# Legion Glaive Not Intended for 40k or Apocalypse



## Zion (May 31, 2011)

From Faeit212:



> *via Forgeworld from Master of Sanctity on Faeit 212 *
> _The Legion Glaive is not featured in the forthcoming IA Apocalypse book as it was decided that this vehicle was ideally for use in Horus Heresy games rather than 40k or normal Apocalypse games. However, as the rules for the Glaive are available to download from the link below, you can use these rules in Apocalypse if you wish although we would recommend consulting your opponents first."_


And Faeit212 missed posting the link, but here's the experimental rules:
http://www.forgeworld.co.uk/Downloads/Product/PDF/g/Glaive.pdf


----------



## rasolyo (Dec 22, 2009)

"...you can use these rules in Apocalypse if you wish although we would recommend consulting your opponents first."

This is like some sort of Yo, Dawg joke.


----------



## Archon Dan (Feb 6, 2012)

Perhaps none of them survived until the 41st millennium.


----------



## Zion (May 31, 2011)

Archon Dan said:


> Perhaps none of them survived until the 41st millennium.


Which makes sense when you consider that Volkite weapons were becoming extremely rare by the time the Horus Heresy occurred.


----------



## Creon (Mar 5, 2009)

I think there's going to be limited sales if you can't even use it in APOK. Anything that's too powerful for Apocalypse shouldn't be designed.


----------



## Zion (May 31, 2011)

Creon said:


> I think there's going to be limited sales if you can't even use it in APOK. Anything that's too powerful for Apocalypse shouldn't be designed.

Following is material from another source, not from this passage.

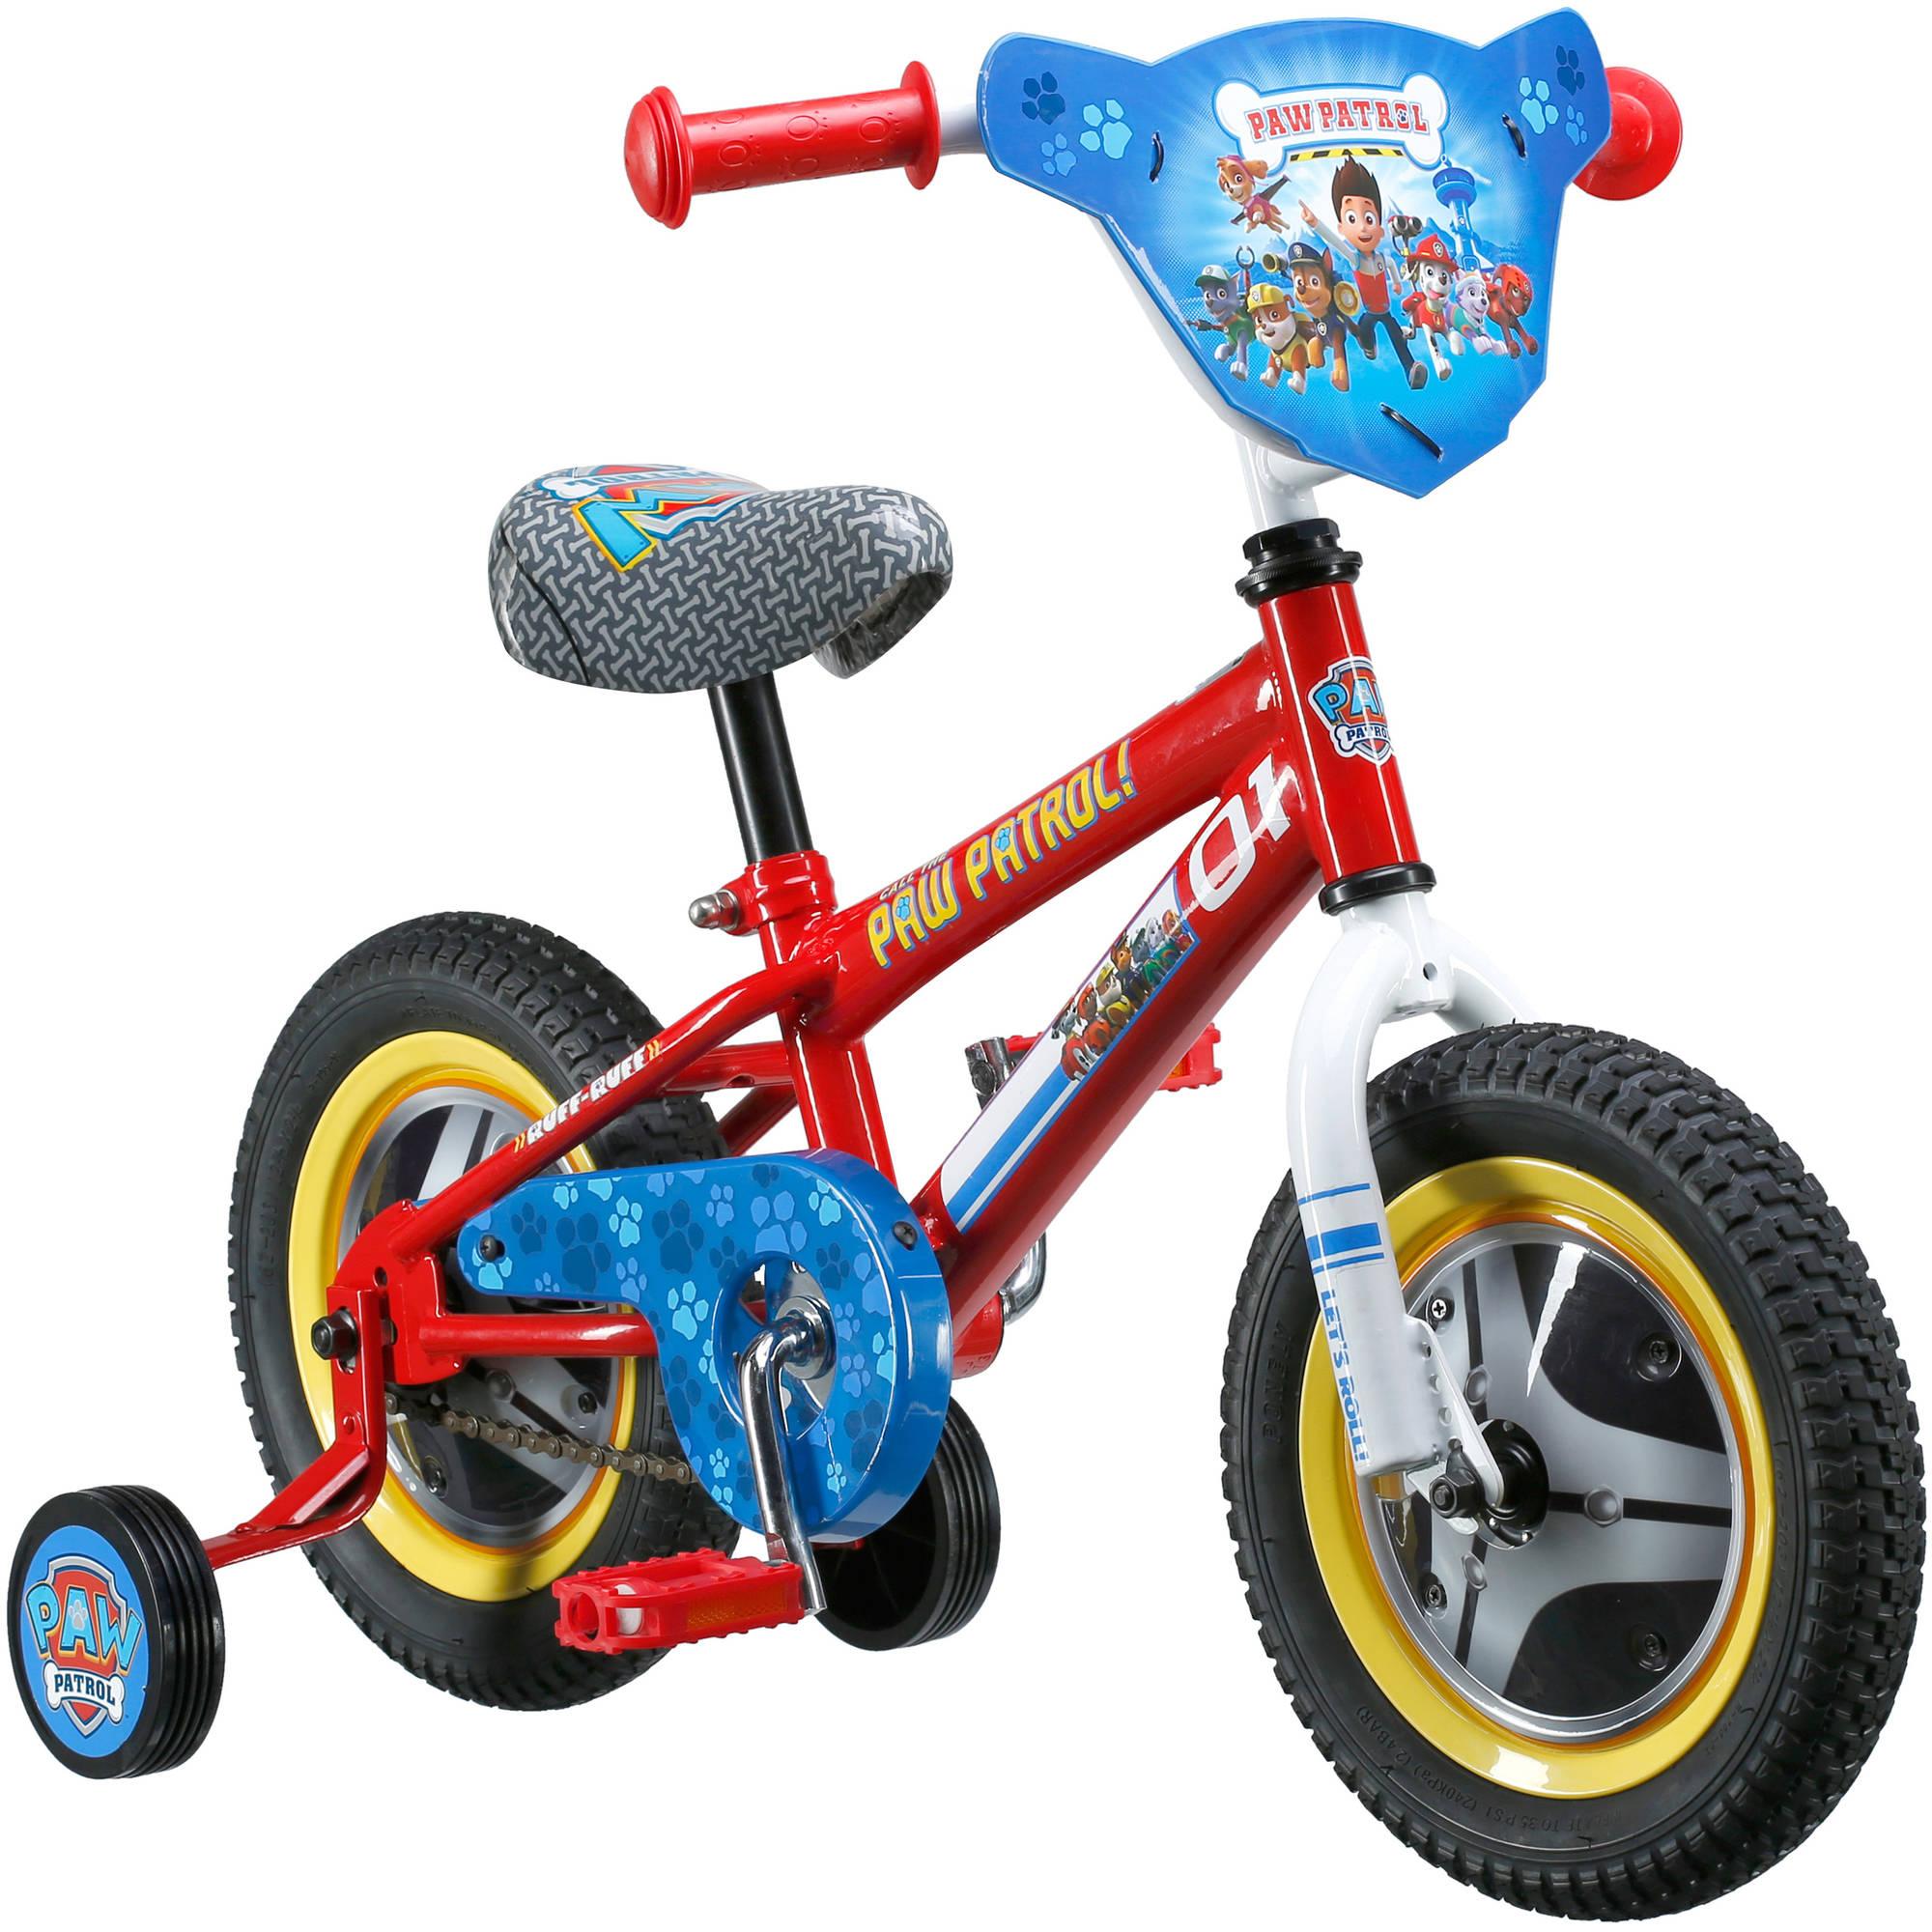 f6b85efb663 Paw Patrol Nickelodeon Kids Bicycle 12

It's 675 points right now, (700 if you want to ignore Melta added in to it's ruleset) so I don't see it being seen as "overpowered" as that's a heafty chunk of points right there. I really think the intention is that it uses Vokite weaponry, which was being replaced rather completely by more conventional weapons (Bolters for example) by the time the Crusade was underway, and were almost completely gone by the time the Horus Heresy occurred.

Will it stop players from using it? Probably not, but FW isn't exactly wrong by saying that it's intended for a certain kind of game (that being 30k, which does seem to have a following here and there and will likely gain more fans the longer this project runs).


----------